Question

Coping with duplicated sequences in shotgun analysis

0

Entering edit mode

3.2 years ago

D ▴ 10

Hello,

I'm performing the first bioinformatic analysis from a shotgun sequencing.

I have 150 samples analysed by paired-end sequencing. Therefore, having 300 fastq files (forward + reverse).

I tried to remove the duplicates with the clumpify software, from Joint Genome Institute.

From the 300 fastq files, 7 samples were flagged as warning in FASTQC (MultiQC output), which means that non-unique sequences make more than 20% of the total library, according to FASTQC instructions.
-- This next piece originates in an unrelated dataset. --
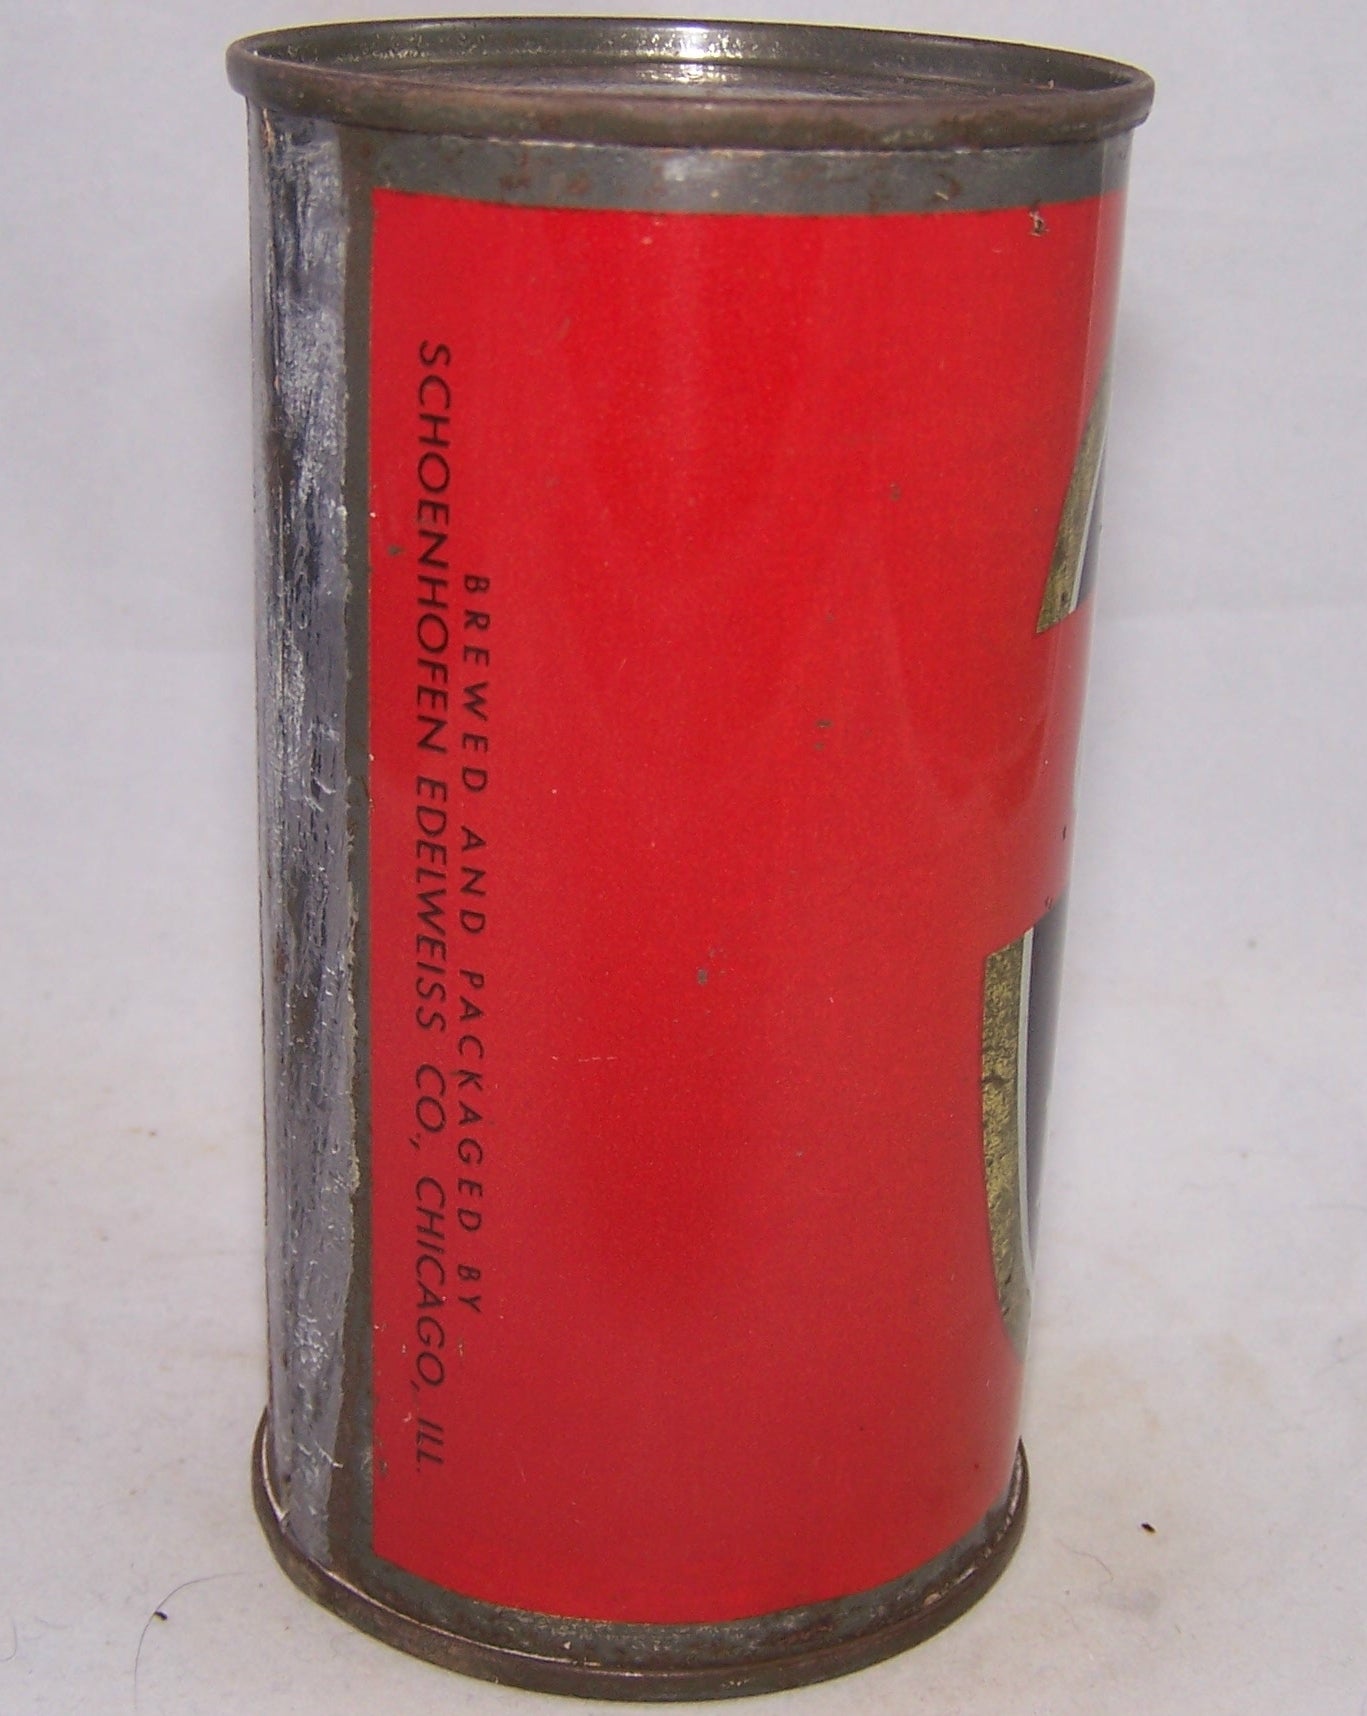 Edelweiss Stout Malt Liquor, USBC 59-10, Grade 1-  Sold on 04/06/18

Interestingly, 3 samples of 7 were the longest fastq files in size that I could hypothesize that hat the sequencing output is very deep and a sequence duplication is probable. And the rest, are the opposite (having lower fastq size) that then could be a low rich libraries and a duplication of sequences could be more plausible due to a less finite number of sequence existence in the library.

In detail, I run clumpify several times modifying the parameters of subs (with subs=1 and subs =2) and also performing 2 passes and 6 passes and with this changes the 7 samples warning was reduced to 5.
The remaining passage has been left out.